In the marketing arena you will hear many times marketers talking about
the title of your articles and content. While we all know the content of
that article (including pictures) makes a huge difference in search
engines rankings and retained readership; we must not forget about the
title which is designed to attract the reader.

High quality content and pictures that are related can be worth 1,000′s
of visitors but how much is that title actually worth ? If the
following story about Forbes stealing a New York Times article is any
indication, the title is worth 100,000′s of visitors.

Just this past Friday New York Times published a new article entitled : How Companies Learn Your Secrets.
This lengthy article discussed in detail how large companies such as
Wal-Mart and Target collect data on individual consumer patterns to
figure out how to most efficiently keep their customers happy. This was a
great article but did it have the actual title that it deserved to have
?

When Kashmir Hill, a writer at Forbes, read this article and realized
the potential he created a more compact article with a more powerful
headline (title).
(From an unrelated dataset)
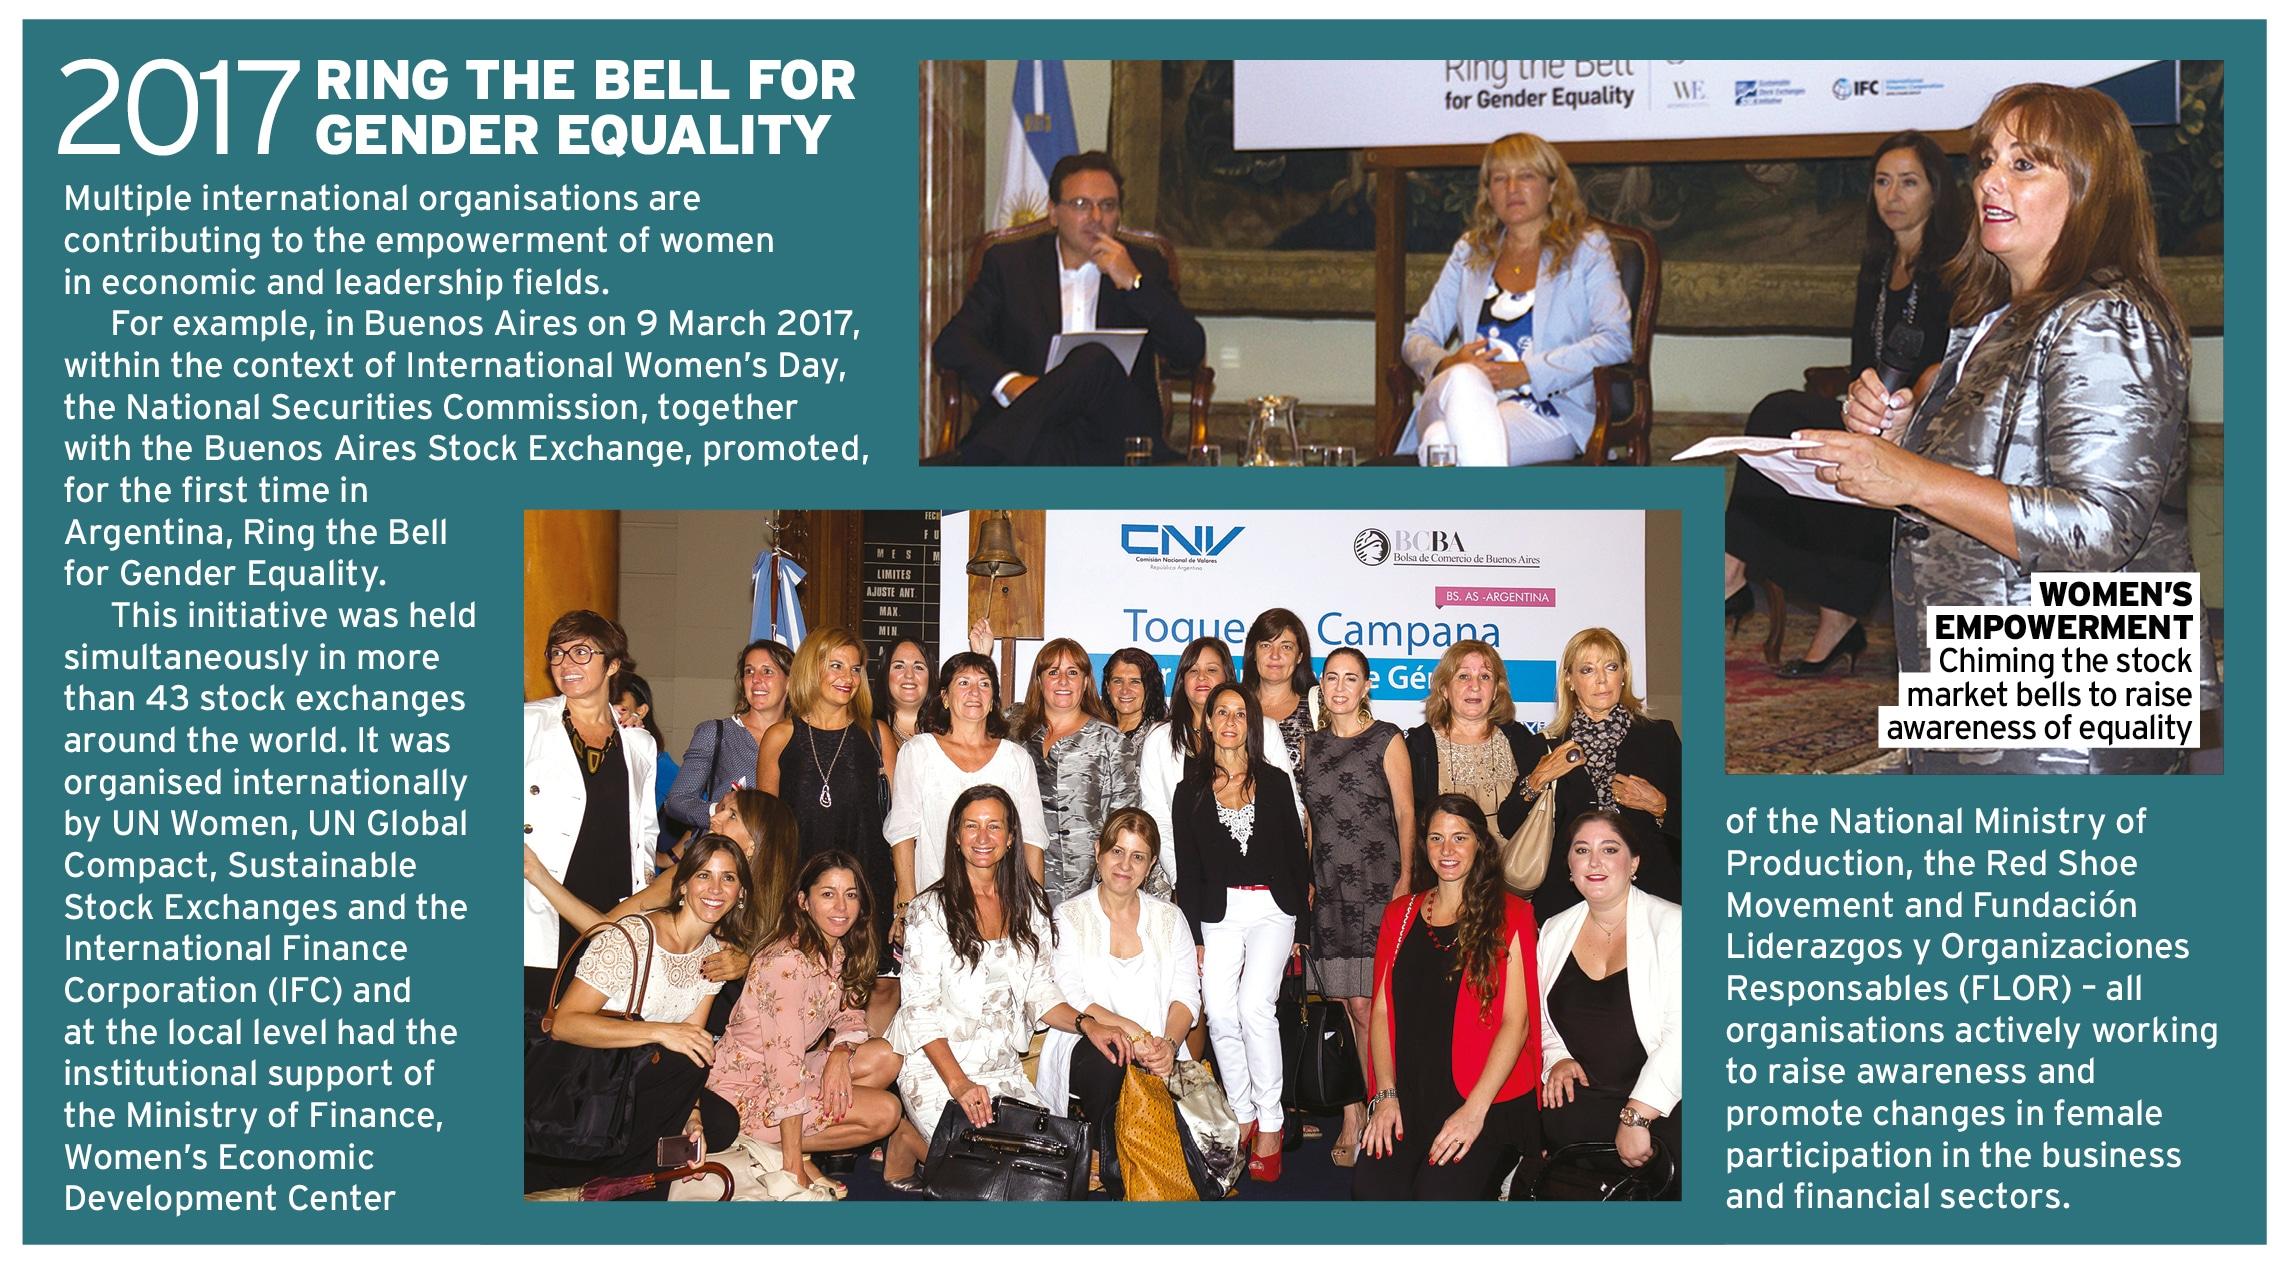 Board gender diversity in Latin America Ethical Boardroom

Kashmir Hill got rid of most of the fluff and got
right to the meat of the story and written his article entitled : How Target Figured Out A Teen Girl Was Pregnant Before Her Father Did.

When I checked the story on the New York Times website, it had 60+ links
and shares on Facebook which was far less than the 17,000+ that Forbes
article has. The Forbes article currently has a mind staggering
1,063,916 views on it’s article.

The truth is that in the age of technology and popularity of newsfeeds
and streams, article/stories titles matter more now than they ever have
before. The highest quality content online can fail to drive traffic
without the proper title. The story of Forbes stealing a New York Times
article illustrates this very clearly with their recent Target article.